▶ _Your instructions_:
Return, with both end lines included, exactly what the data below holds from the line with "How to Quickly" through the line with "On Wednesday, the", though not the pictures.

++++ Records shown

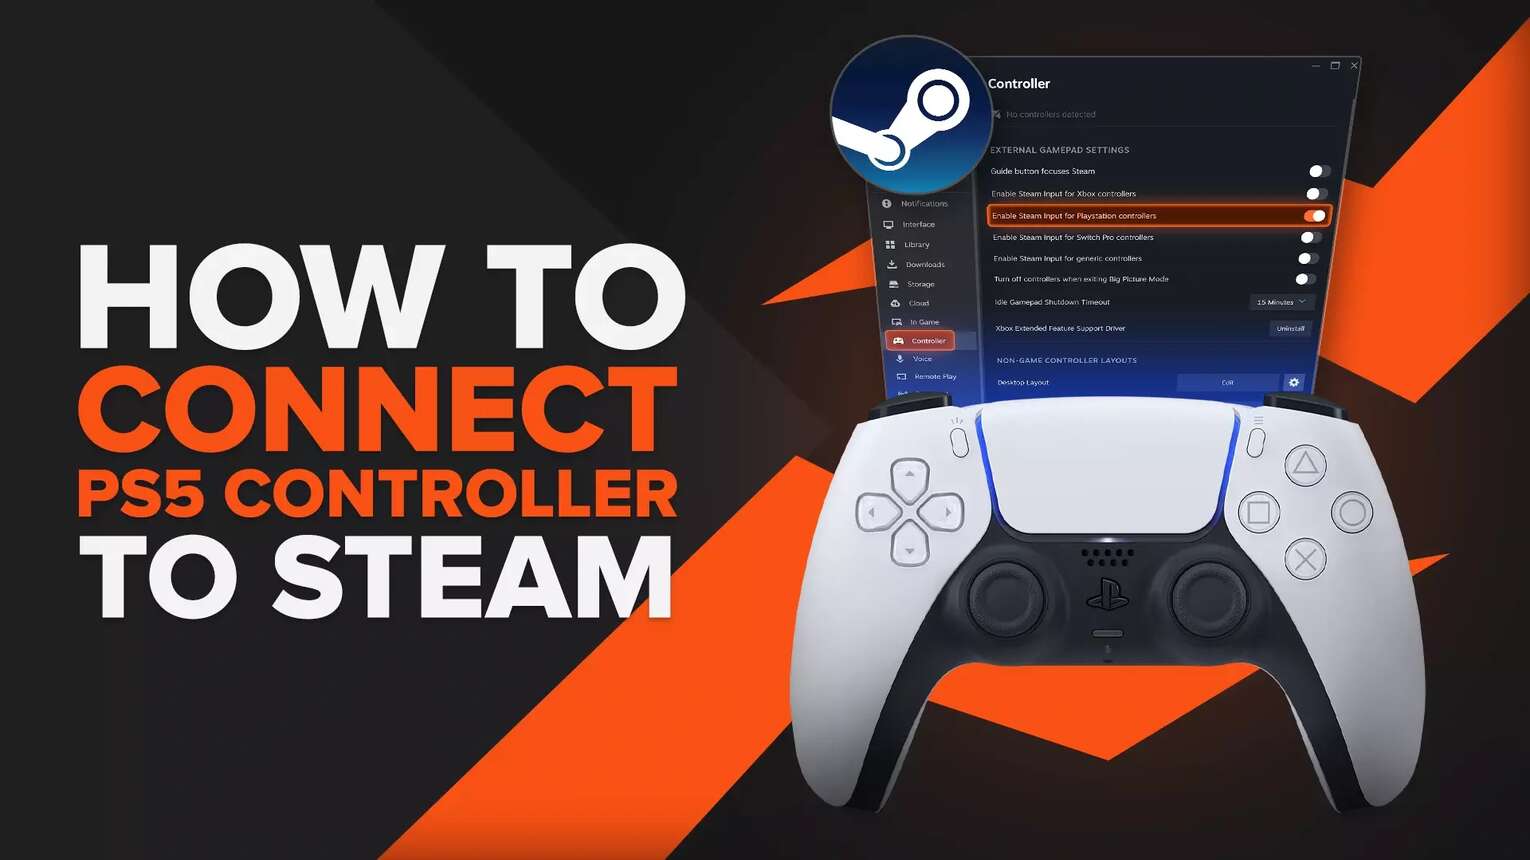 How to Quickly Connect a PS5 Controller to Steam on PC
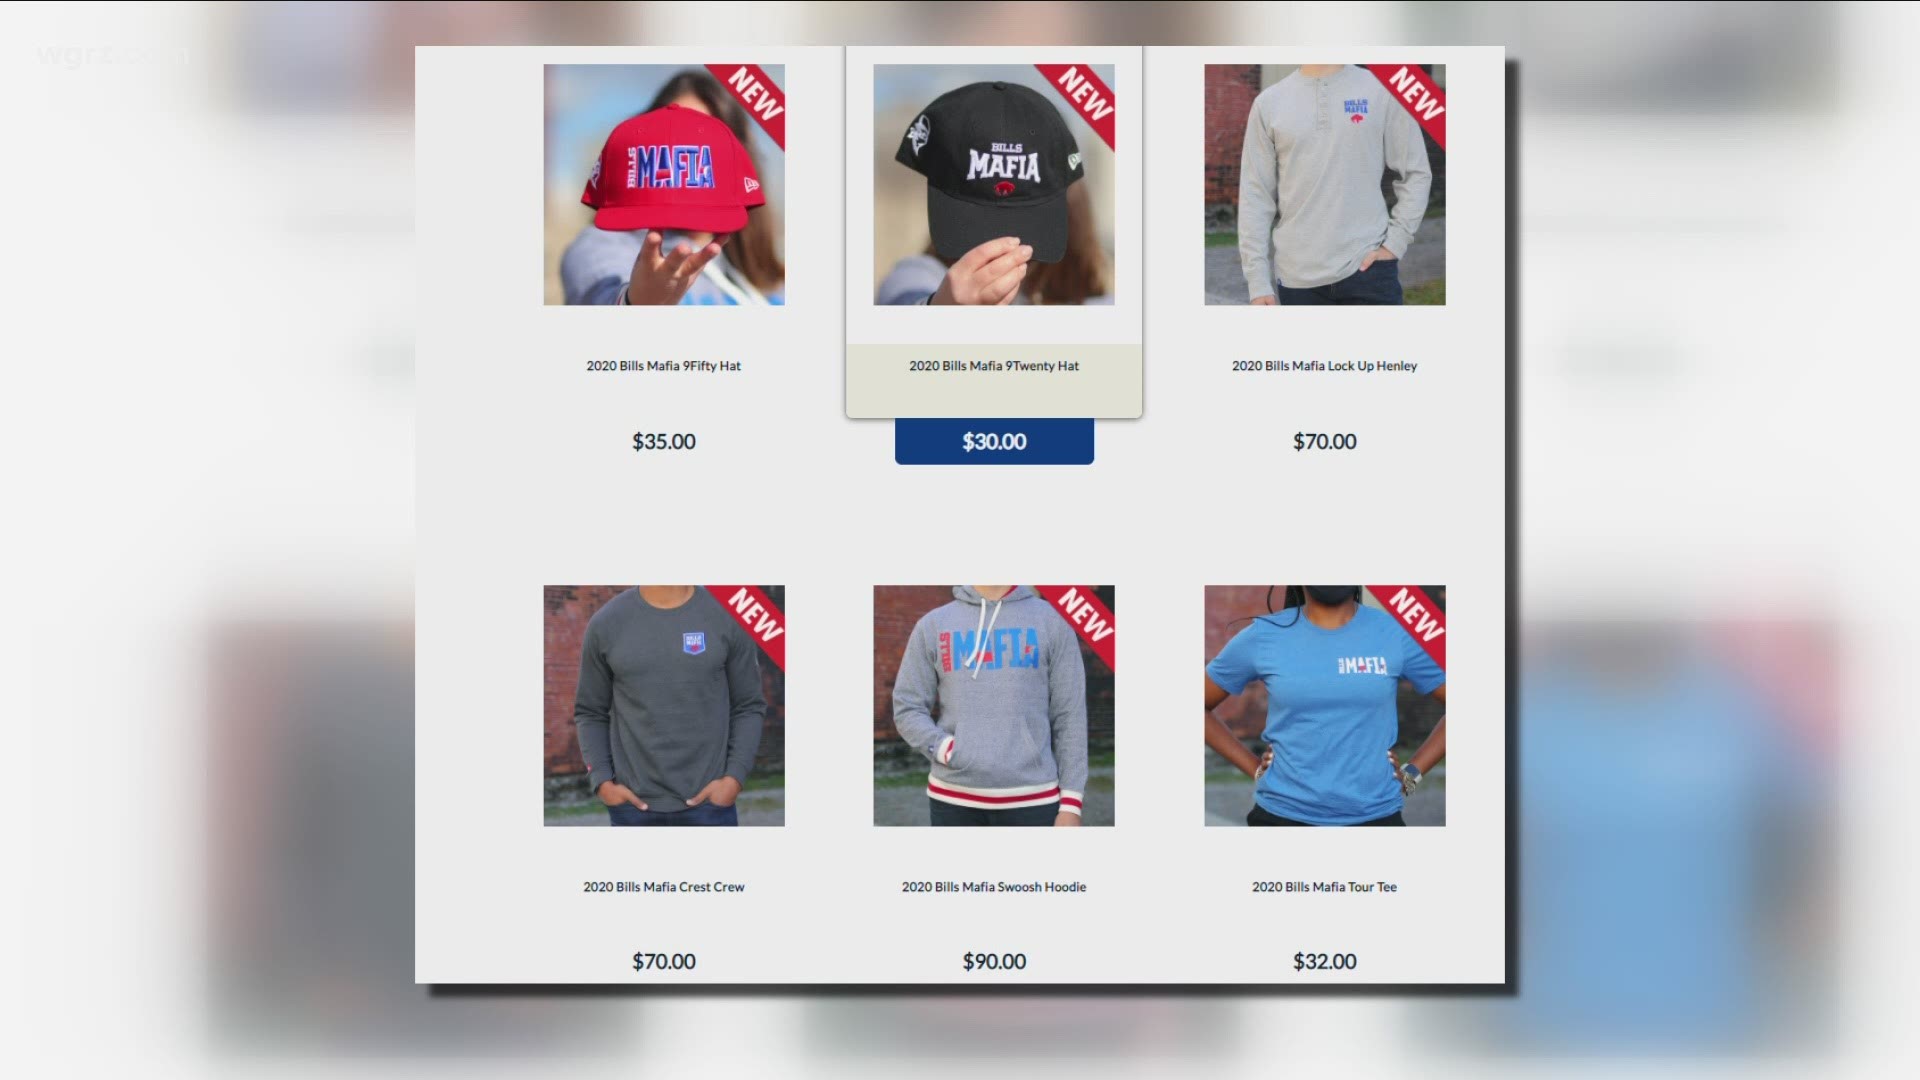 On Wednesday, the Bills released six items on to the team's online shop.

++++++++
++++ Records shown

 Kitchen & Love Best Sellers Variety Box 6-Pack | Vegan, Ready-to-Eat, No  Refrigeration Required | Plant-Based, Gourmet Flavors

++++++++

▶ _Solution to the problem_:
 How to Quickly Connect a PS5 Controller to Steam on PC
 On Wednesday, the Bills released six items on to the team's online shop.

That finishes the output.